A STRUGGLE HEARTS (21+) - BAB 4




BAB 4


            Maira masih bisa merasakan perasaan bahagia itu setiap kali mengingat kejadian dua hari yang lalu, ketika Ben melamarnya langsung ke Mama dan Papa. Meskipun sempat terlihat raut ragu di wajah Papa, tapi pada akhirnya Papa menerima dan semua pun tersenyum dan menangis bahagia.
            Ben berencana membawa ibunya untuk datang ke Jakarta dan melamar Maira secara resmi. Ibu Ben tinggal di Bali hanya ditemani oleh seorang perawat yang selalu menjaga dan merawatnya, sedangkan ayah Ben sudah meninggal saat pria itu berumur dua puluh lima tahun.
            Kemarin malam, Ben langsung membeli tiket penerbangan dan tiba di Bali pukul setengah sebelas. Pria itu langsung menghubunginya saat mendaat di Bandara Internasional Ngurah Rai, Bali. Hal ini memang sangat mendadak karena Ben sudah tidak sabar dan tidak ingin mengulur-ulur waktu lagi.
            Saat Ben mengatakan padanya kalau pria itu ingin menyusun pernikahan mereka sesegera mungkin, Maira hanya bisa tersenyum lembut dan membelai wajah Ben dengan penuh cinta. Maira tidak menyangka bahwa begitu besar antusias dan keseriusan Ben dengan rencana pernikahan ini. Pria itu tidak main-main dengan perasaannya.

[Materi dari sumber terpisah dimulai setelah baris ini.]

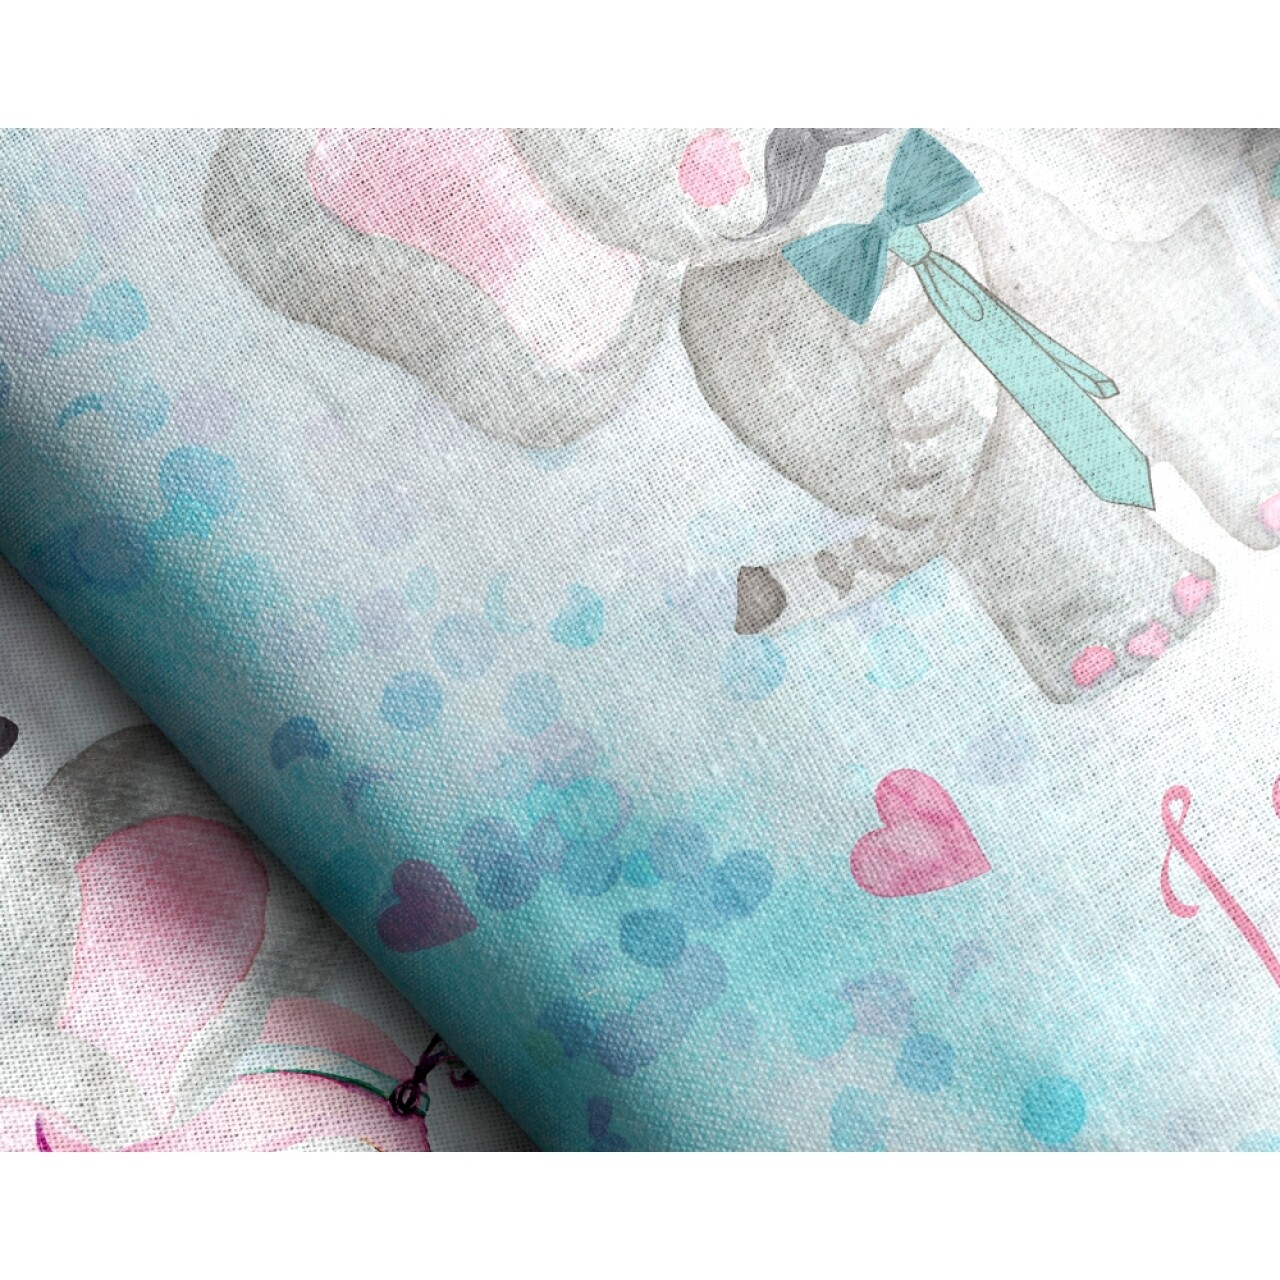 Lenjerie De Pat Pentru O Persoana, Baby Love Multi, Royal Textile, 2 Piese, 140 X 200 Cm, 100% Bumbac, Multicolora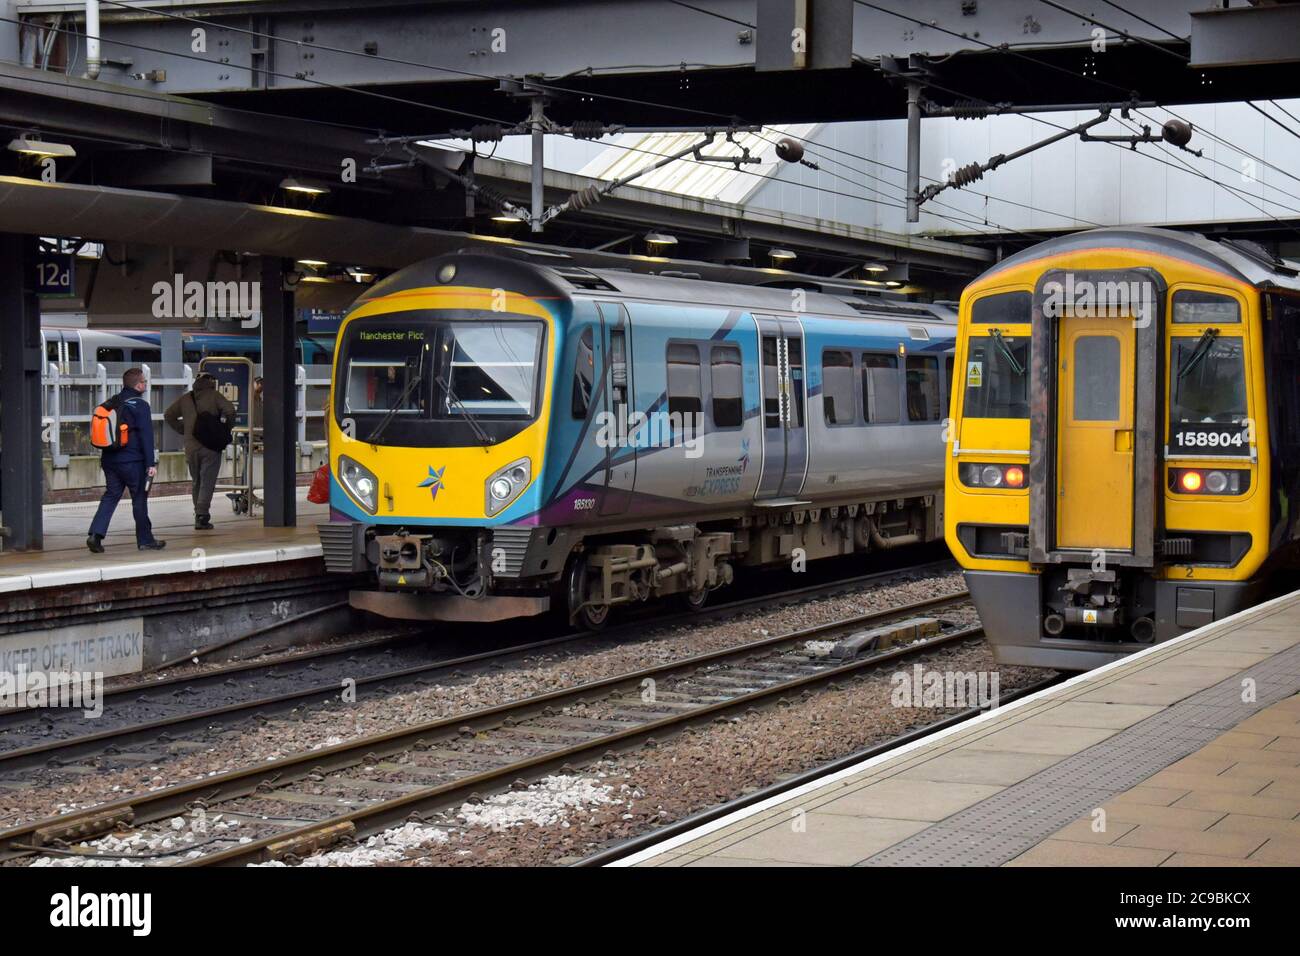 A TransPennine Express Class 185 Desiro DMU sits alongside a Northern Trains Class 158 Express DMU at Leeds station Stock Photo

            Hari ini adalah waktunya Ben bersama keluarga. Ia tidak ingin mengganggu mereka, jadi Maira mulai mencari-cari kesibukan untuk mengisi hari Sabtunya yang kosong. Maira membuka kulkas dan menyadari kalau kulkas tersebut hampir kosong. Ia pun segera mandi dan bersiap-siap untuk pergi ke mall terdekat, mengisi waktu dengan berjalan-jalan di mall, dan membeli persediaan makanan untuk satu minggu ke depan.
            Setelah selesai mengenakan baju, ia langsung menyisir rambutnya yang panjang dan menguncir kuda. Ia mengenakan celana hotpants berwarna hitam dan kaos polos berwarna putih, yang melekat tepat di tubuhnya. Sepatu kets berwarna putih membuatnya tampak sporty namun santai. Ia menyemprotkan parfum, lalu mengambil tas kecilnya, kemudian memasukkan dompet, parfum serta ponsel ke tas itu. Maira menyelempangkan tas itu dan menatap pancaran dirinya di cermin sebelum akhirnya ia keluar dari rumah dan mengunci pagarnya.
            Hari ini Maira memutuskan untuk berjalan kaki menuju salah satu halte busway, yang tidak begitu jauh dari rumah, dan meninggalkan mobilnya di rumah. Hanya sekitar sepuluh menit berjalan kaki dan ia pun tiba di halte tersebut. Maira mendengarkan musik yang mengalun melalui earphone sambil menunggu bus. Beberapa menit kemudian, bus pun tiba. Ia langsung melangkah masuk ke dalam bus yang tidak terlalu penuh itu.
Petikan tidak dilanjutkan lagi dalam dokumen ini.